At the news conference, McCarrick is to announce the results of a new poll, commissioned by the bishops' conference, that shows a ''dramatic rise in Catholic opposition to the death penalty," the bishops' conference said in a statement. Pollster John Zogby declined to provide specifics in advance of the news conference, but said the change in attitude follows years in which a majority of Catholics supported capital punishment despite the bishops' opposition.

''There's been a noticeable decline in support, so that Catholics are just about split on the death penalty," Zogby said. ''Catholics, like the rest of the nation, were strongly in support of the death penalty just 10 years ago."

Zogby said that younger Catholics, those who are members of ethnic minority groups, and those who frequently attend Mass are most likely to oppose the death penalty.

According to the Gallup Poll, general public support for the death penalty has ranged from a low of 42 percent in 1966 to a high of 80 percent in 1994. Last year, based on two national polls on the subject, Gallup said 68 percent of Americans said they support the death penalty.
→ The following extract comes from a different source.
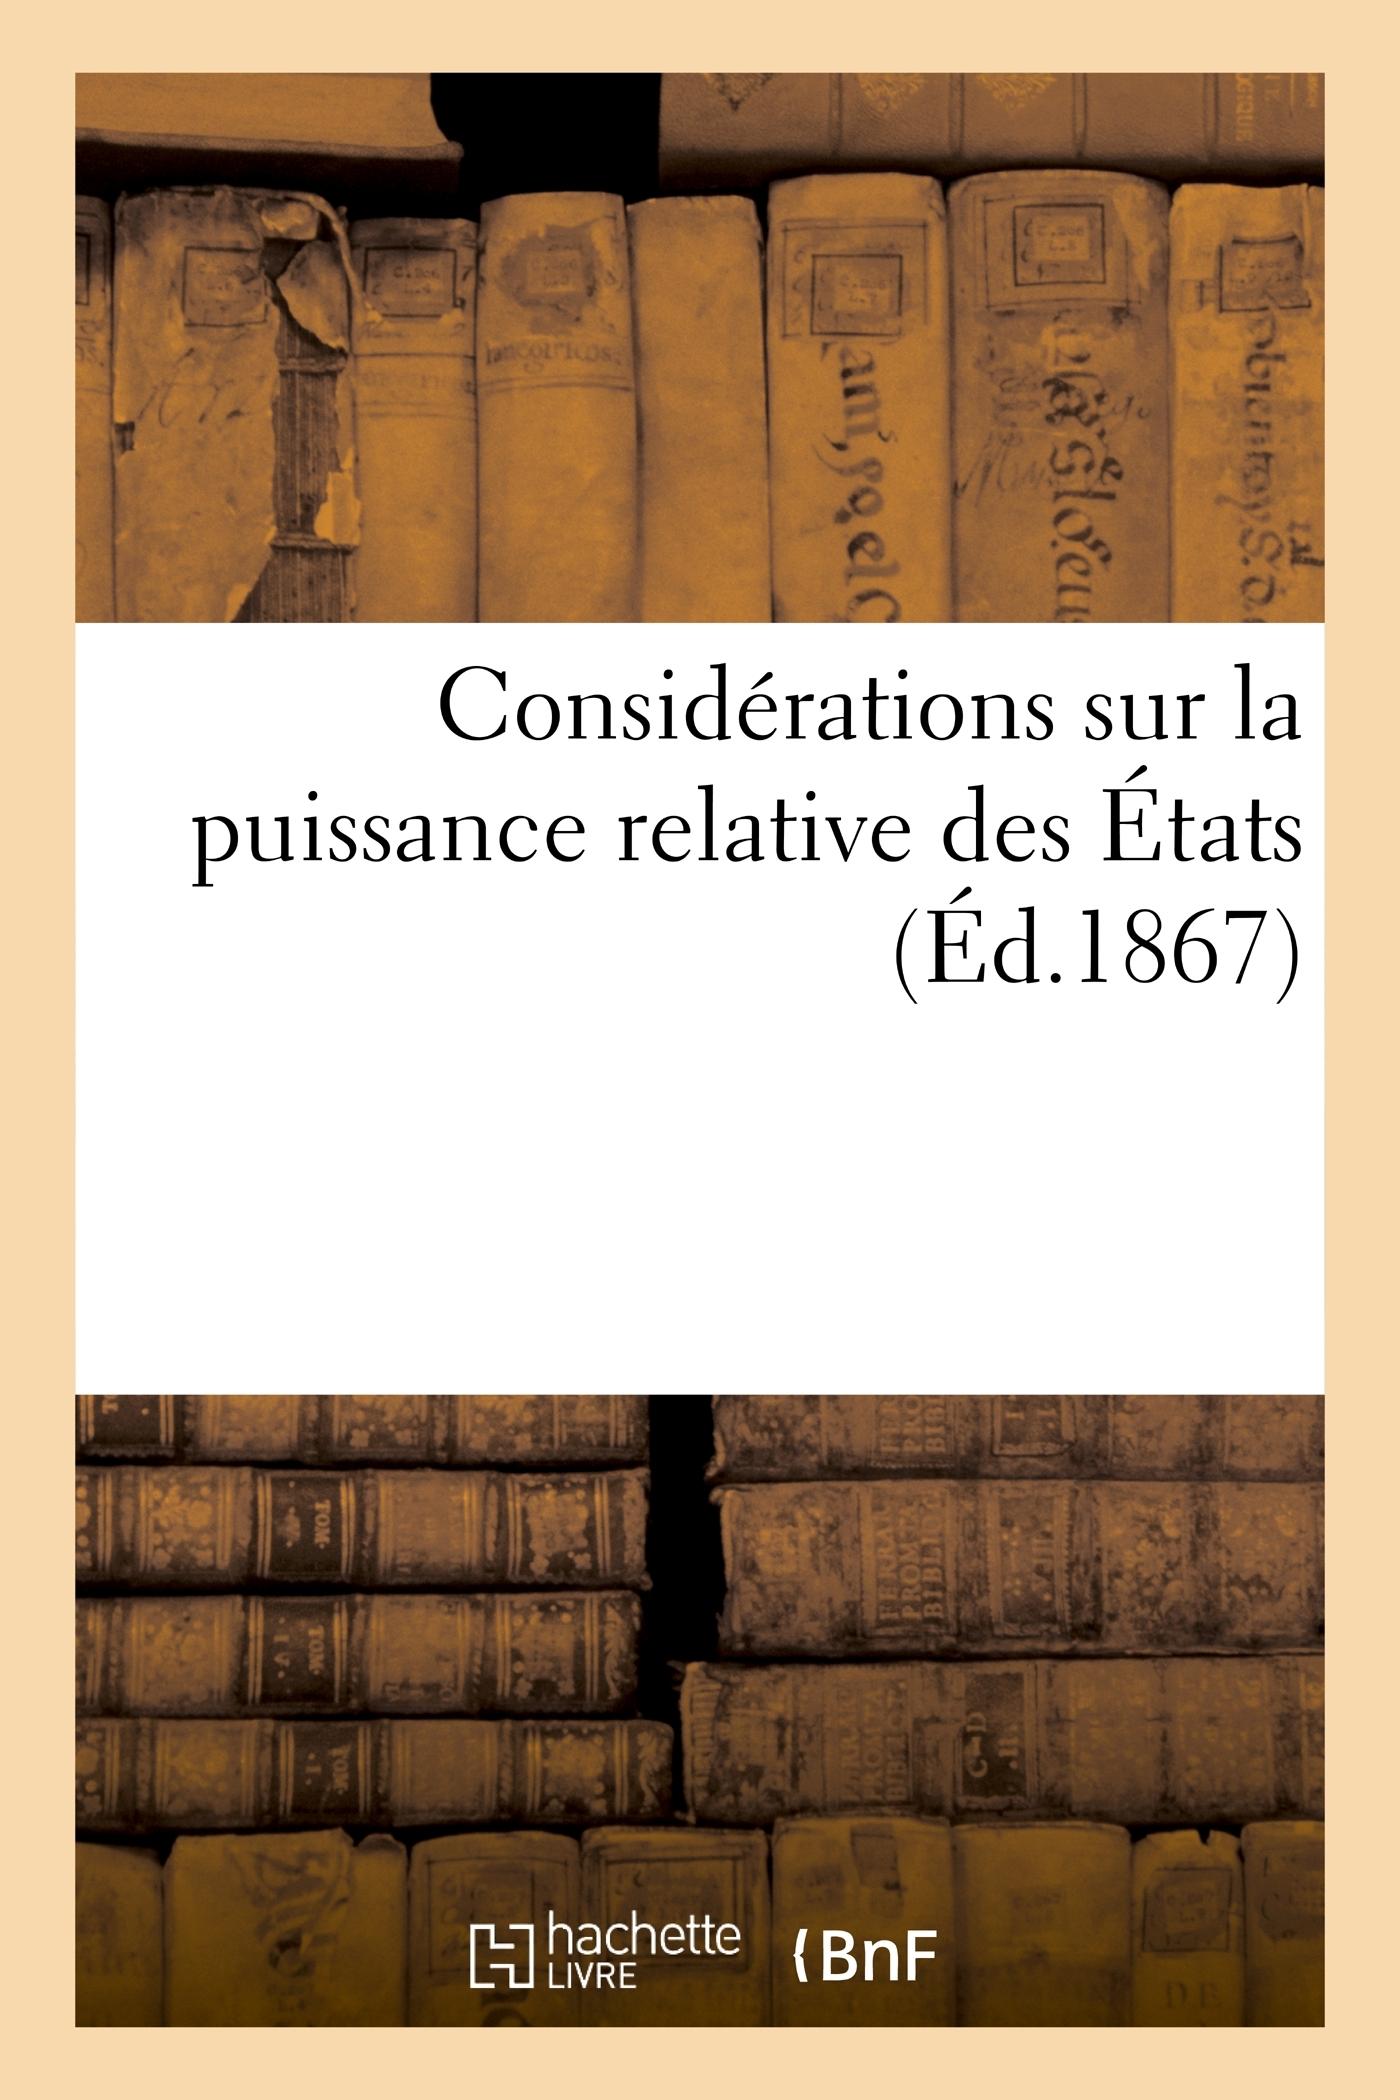 CONSIDERATIONS SUR LA PUISSANCE RELATIVE DES ETATS
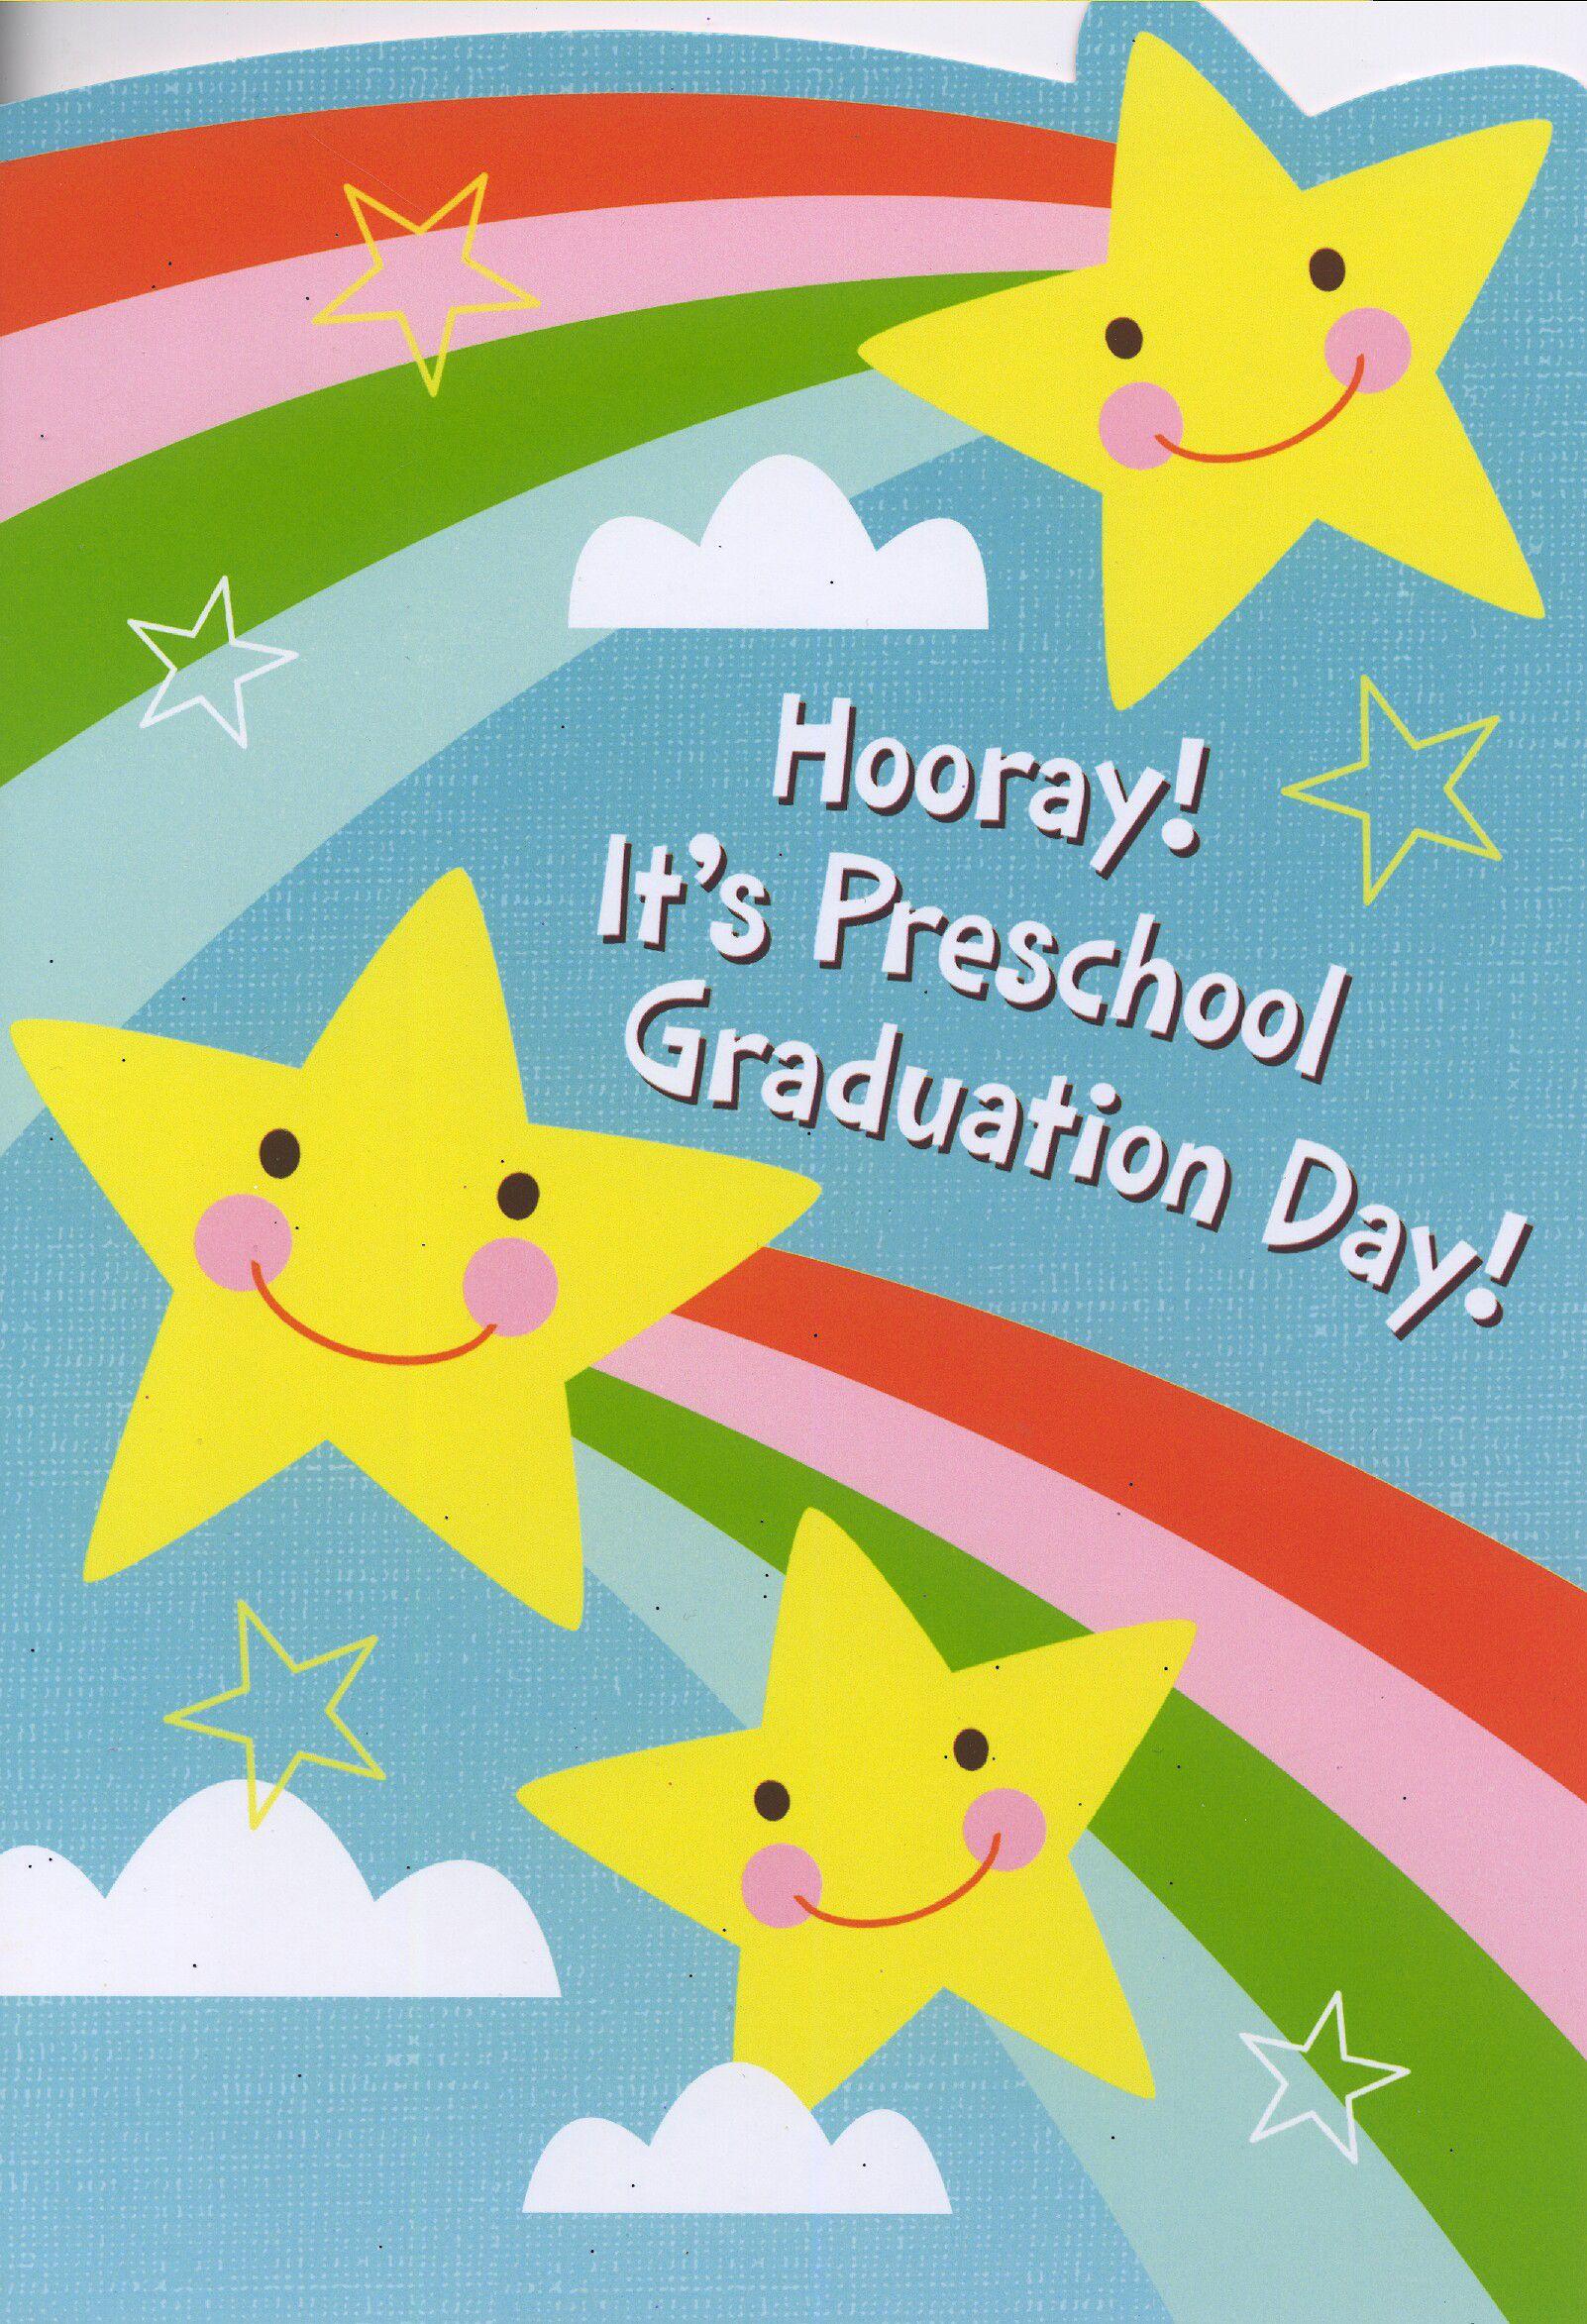 Hallmark Has Cards To Celebrate And Congratulate Graduates

Among Catholics, as many as 75 percent supported the death penalty in the 1990s, according to Thomas C. Berg, a codirector of the Terrence J. Murphy Institute for Catholic Thought, Law, and Public Policy at the University of St. Thomas School of Law in Minneapolis. But a more recent poll of Catholics, taken in 2003 by Georgetown University's Center for Applied Research in the Apostolate, found that 54 percent of Catholics support the death penalty and that 44 percent were opposed.

''The numbers have now shifted, and it's a very significant change," Berg said. ''This really got a head of steam around 2000 or 2001 with a lot of findings of innocence , but then Sept. 11 kicked in and took the issue off the priority list."

Some politically conservative Catholics have questioned the status of the church's position against capital punishment, which they view as less central than the church's opposition to abortion. The former Oklahoma governor, Frank Keating, for example, was a supporter of capital punishment and suggested that church leaders had misunderstood church doctrine.

''Some people dismiss the teaching as merely prudential, rather than a bedrock teaching," Berg said. ''But whatever arguments there are about the exact status of it, if you look at the symbolic message, there's been a strong symbolism of the pope and the bishops being against the death penalty."